An agent that can create other agents and share content stores with them can express any coordination pattern (pipelines, fan-out, debates, priority queues) without the architecture prescribing any of them.

Spawning and trust

When an agent spawns another, it defines the trust boundary:

spawn(
    task:         "What to do" (natural language),
    instructions: "How to behave" (reference to an instruction space),
    spaces:       { space_id: permission },
    tools:        [...],
    secrets:      [...],
    model:        "which LLM"
)

The spawner says what the new agent can access and gives it a task, with no role assignment, topology declaration, or workflow step number.

Trust narrows monotonically

Privileges can only narrow down the spawn tree, never widen. Spaces, tools, secrets all narrow monotonically. No privilege escalation without going back to a coordinator.

graph TD
    C["Coordinator<br/><small>all tools, all spaces, all secrets</small>"]
    R["Research Agent<br/><small>web tools, research space</small>"]
    W["Writer Agent<br/><small>file tools, doc space</small>"]
    S1["Sub-researcher<br/><small>web tools, research space (read only)</small>"]
    S2["Sub-researcher<br/><small>web tools, research space (read only)</small>"]

    C -->|"spawn<br/>(narrows access)"| R
    C -->|"spawn<br/>(narrows access)"| W
    R -->|"spawn<br/>(narrows further)"| S1
    R -->|"spawn<br/>(narrows further)"| S2

    style C fill:#4a6fa5,color:#fff
    style R fill:#6b8cae,color:#fff
    style W fill:#6b8cae,color:#fff
    style S1 fill:#93afc5,color:#333
    style S2 fill:#93afc5,color:#333

Every spawn is a trust boundary. Give a research agent web access but no PII access, a data diode where information flows one direction. The spawner defines the boundary; the spawned agent operates within it.

But sometimes a child needs more

Real tasks don’t always fit the initial access grant. A research agent discovers it needs to read a private document. A code agent realizes it needs database credentials.

The mechanism: ask the coordinator. Every sub-agent has a DM space shared with its coordinator. It writes a request. The coordinator evaluates whether the agent’s task justifies the access and grants or denies. Privileges widen only through an explicit grant from an agent with sufficient permission, like a manager approving an access request.

No special permission API needed, just agents communicating through a space.

Identity is not a type

Agent identity is shaped by instructions, not declared. The instructions field references a space containing behavioral guidance. This could be a well-known default (“research-guidelines”), a fork customized for this task, something created from scratch, or (if the agent has write access) refined by the agent itself over time.

Pre-defined agent templates become seed content, not a locked-in registry. Fork “research-guidelines,” tweak it for biotech, spawn a specialized agent. All at runtime, no code changes.

Inside a space

Atoms

The unit of content is an atom: a payload (content) with metadata (key-value pairs like status, owner, priority) and typed references to other atoms (blocked_by, supersedes, supports). Atoms are versioned and semantically searchable. The system stores and traverses references but doesn’t interpret their semantics. That’s the convention layer’s job.

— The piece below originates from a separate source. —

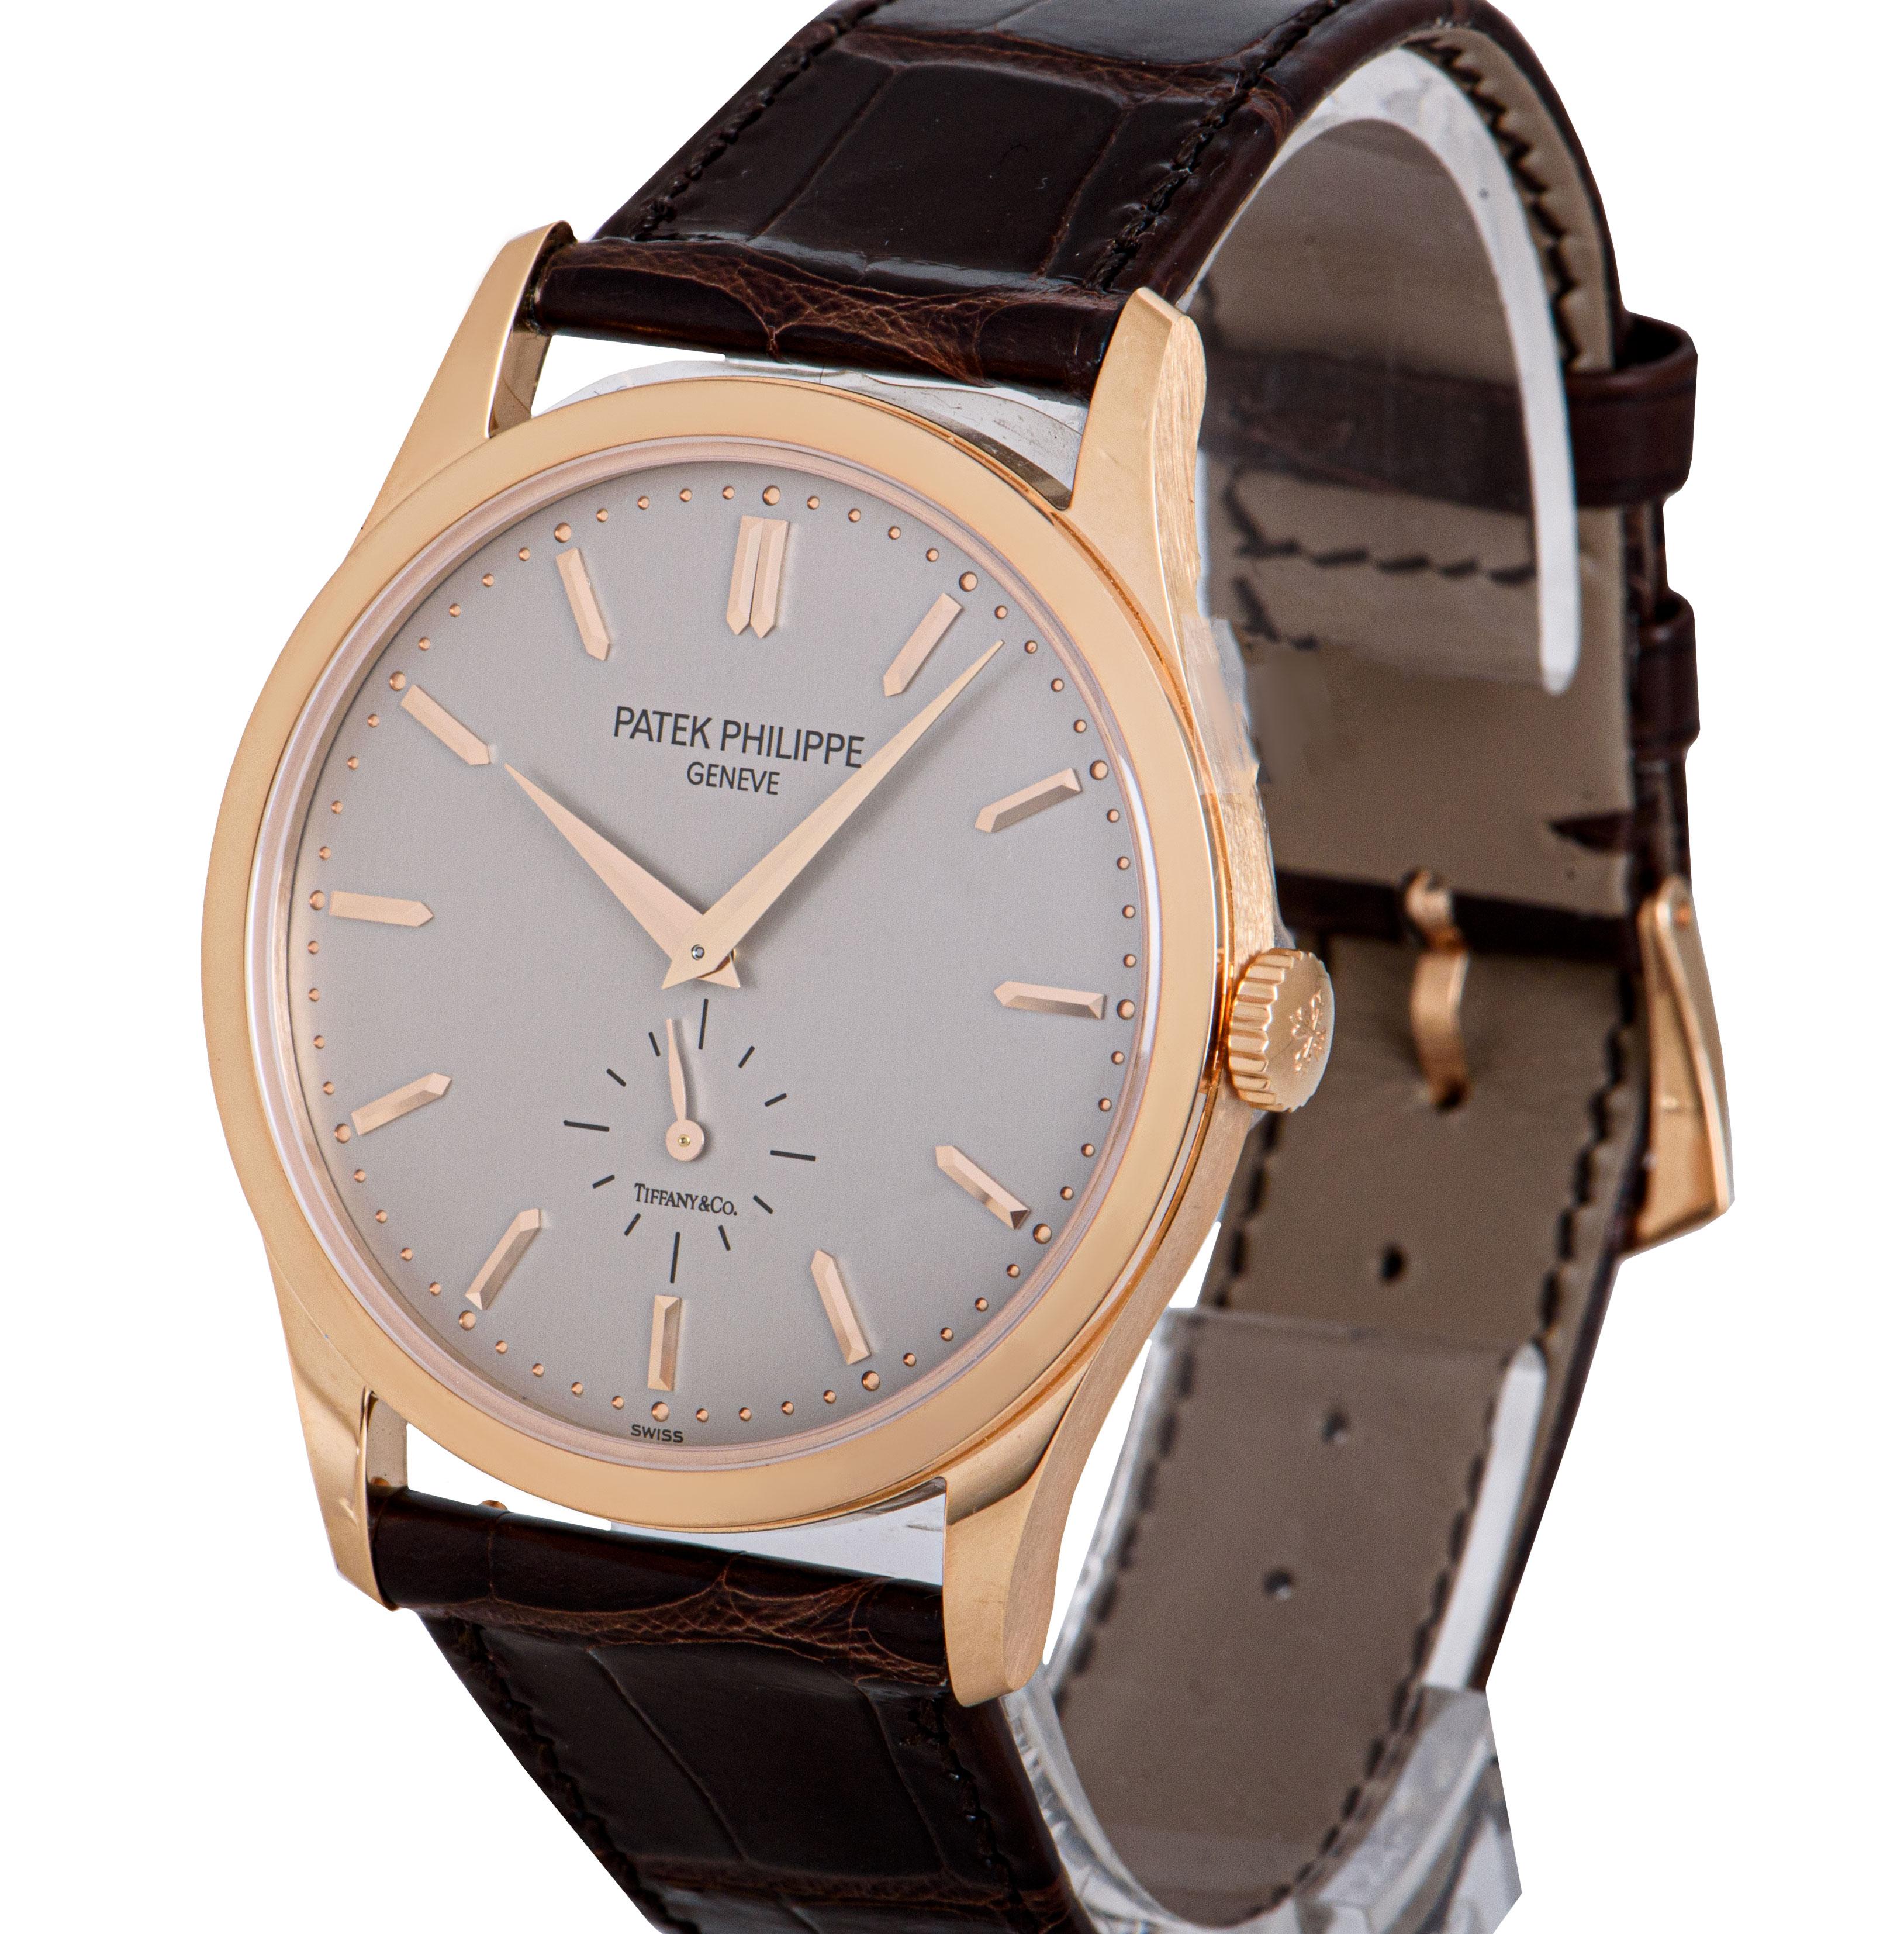 A 37 mm Unworn 18k Rose Gold Calatrava Gents Wristwatch, double name Tiffany & Co. silvery gray dial with applied hour markers, small seconds at 6 0'clock, a fixed 18k rose gold bezel, an original chocolate brown leather strap with an original 18k

Operations are the basics: put, get, update, search, deprecate, history. Every mutation includes a comment, a semantic description like a git commit message. Comments are what gets published to subscribers, not atom content. An agent sees “added findings from 3 review sites” and decides whether to pull the full atom.

Permissions

Four levels, each implying the ones above it (grant ⊃ write ⊃ append ⊃ read):

read: See content, search, subscribe
append: Add new atoms (can’t modify existing)
write: Full mutation (update, replace, refine)
grant: Share access with other agents

New spaces start private, and only grant holders can share them.

Search

Semantic and structured, composable:

search(
    query="frontend tasks",                        # semantic
    metadata={"status": "pending"},                # exact match
    references={"blocked_by": {"status": "done"}}  # reference state
)

One call: find atoms matching “frontend tasks” where status is pending and all blockers are done. This is what makes conventions practical. You can query a task list for available work without multiple round trips.

How spaces reach agents

Spaces connect to an agent’s session in two ways. Injected spaces are always in context: instructions, personal memories, convention descriptions. Queried spaces are searched on demand: task lists, knowledge bases, research findings. The distinction matters because sessions are bounded but spaces are unbounded. You can’t inject everything.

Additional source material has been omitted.